Though hard hit at present by the COVID-19 crisis, tourism is the fourth largest industry in the state, and produces impressive statistics in Clark County as well. In 2018, the most recent year for which statistics are available, Visit Vancouver reported that having the welcome mat out brought $585 million to the county.

The Clark County Historical Museum serves as one of the downtown gateways to community history for visitors. Approximately one-third of the people who come to view exhibits at the historic Carnegie Library headquarters are from out of the area. Museum staff makes a special effort to present exhibits that will help people find connections with other places in the community. As Executive Director Brad Richardson notes: “Assisting tourists is a vital component of our work. When people come to a community, whether as tourists or because they are thinking about moving here, it is natural for them to want to know about its past and how that connects to the present.”

The Historic Trust’s visitor roster mirrors the Museum’s in that approximately 38% of guests are from outside the area. Trust tours of Officers Row and environs, Providence Academy, and Marshall House, and exhibits and public programs such as Vancouver’s Chautauqua draw visitors seeking heritage experiences focused on military and social history, and the inspiring legacy of the Sisters of Providence – as well as those coming for athletic events, civic celebrations, and patriotic observances.
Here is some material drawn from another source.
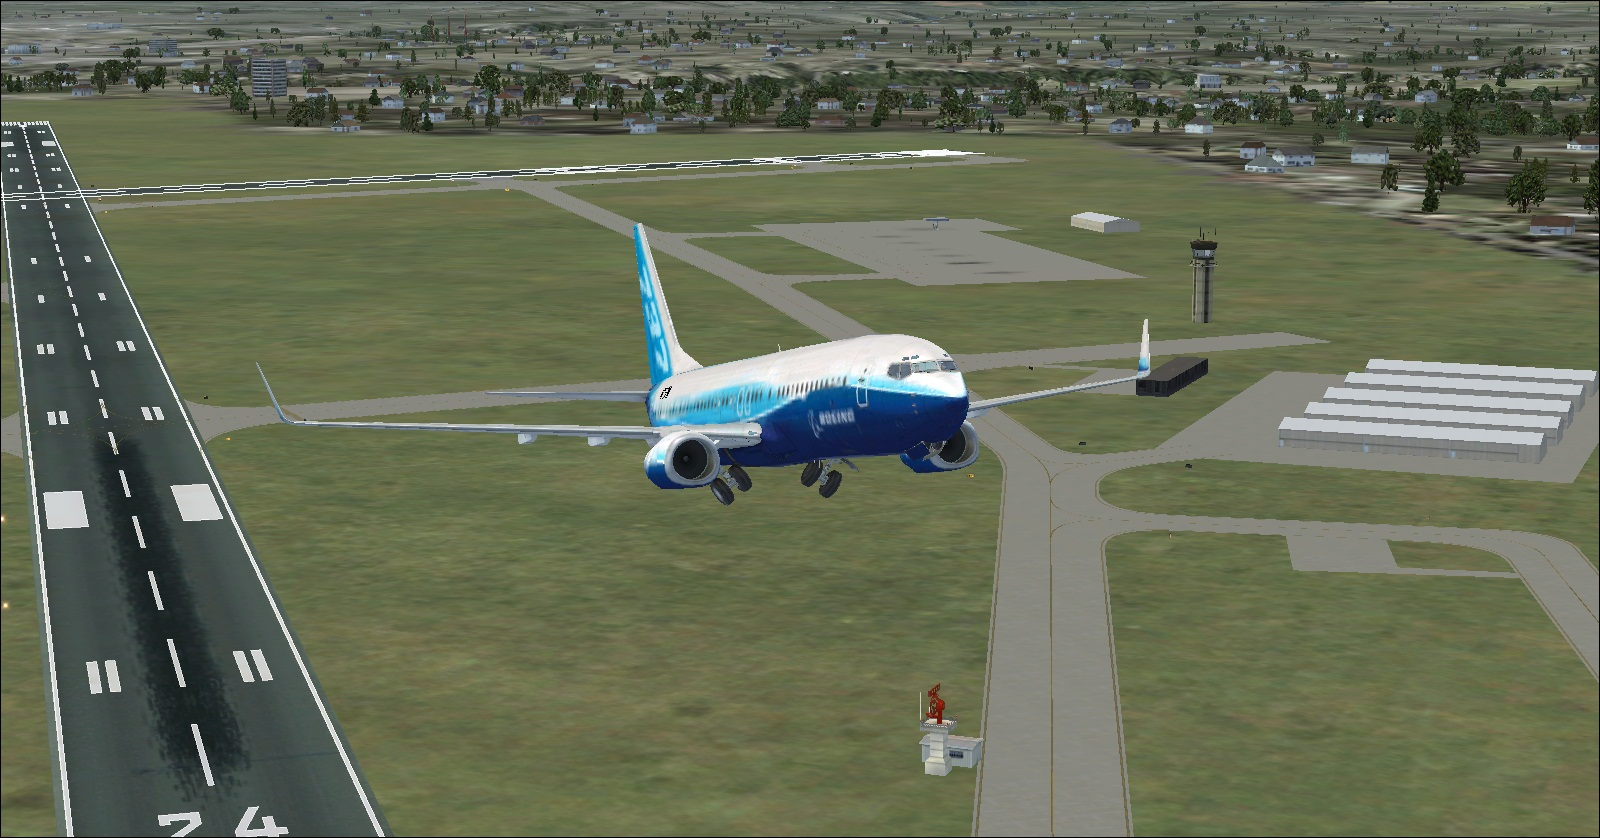 Boeing 737-800 fmc simulator - ghabinbime

Fort Vancouver National Historic Site is one of the Vancouver/Portland metro area’s most visited places. The park’s vibrant educational tours, programs, heritage garden, Pearson Air Museum, and living history demonstrations attract well over 1,000,000 visitors a year, of which more than 50% are from outside the area. The Visitor Center is often the first place that tourists go when they arrive in town, and NPS staff and the volunteer Friends of Fort Vancouver provide a warm and knowledgeable welcome. Mary Rose, executive director of the Friends finds that “While we live in exciting times with a changing heritage — that is not unusual to this Site. Families have lived here for centuries — welcoming travelers and newcomers from afar. In the nineteenth century Native Americans, British, French Canadians…Hawaiians, Scots and American military families all greeted settlers from the Oregon Trail and those who had voyaged around the Horn.”

The COVID-19 pandemic has dramatically shifted travel patterns and will continue to do so in unpredictable ways. Fortunately, high-tech options are available to help visitors plan future tours. The free Clark County Historical Sites mobile app created by the Clark County Historic Preservation Commission helps tourists and locals alike connect with heritage locales. It is downloadable through Apple Store and Google Play. The Clark County Historical Museum provides a self-guided Vancouver downtown and environs walking tour at Historic Routes. The tour, which works on iOS and Android, is downloadable for free at the Apple Store and Google Store.

Despite the challenges of the present time, staff and volunteers of local heritage sites look forward to welcoming visitors again, to inspire all with their historic spaces and stories and foster community connectivity and economic growth.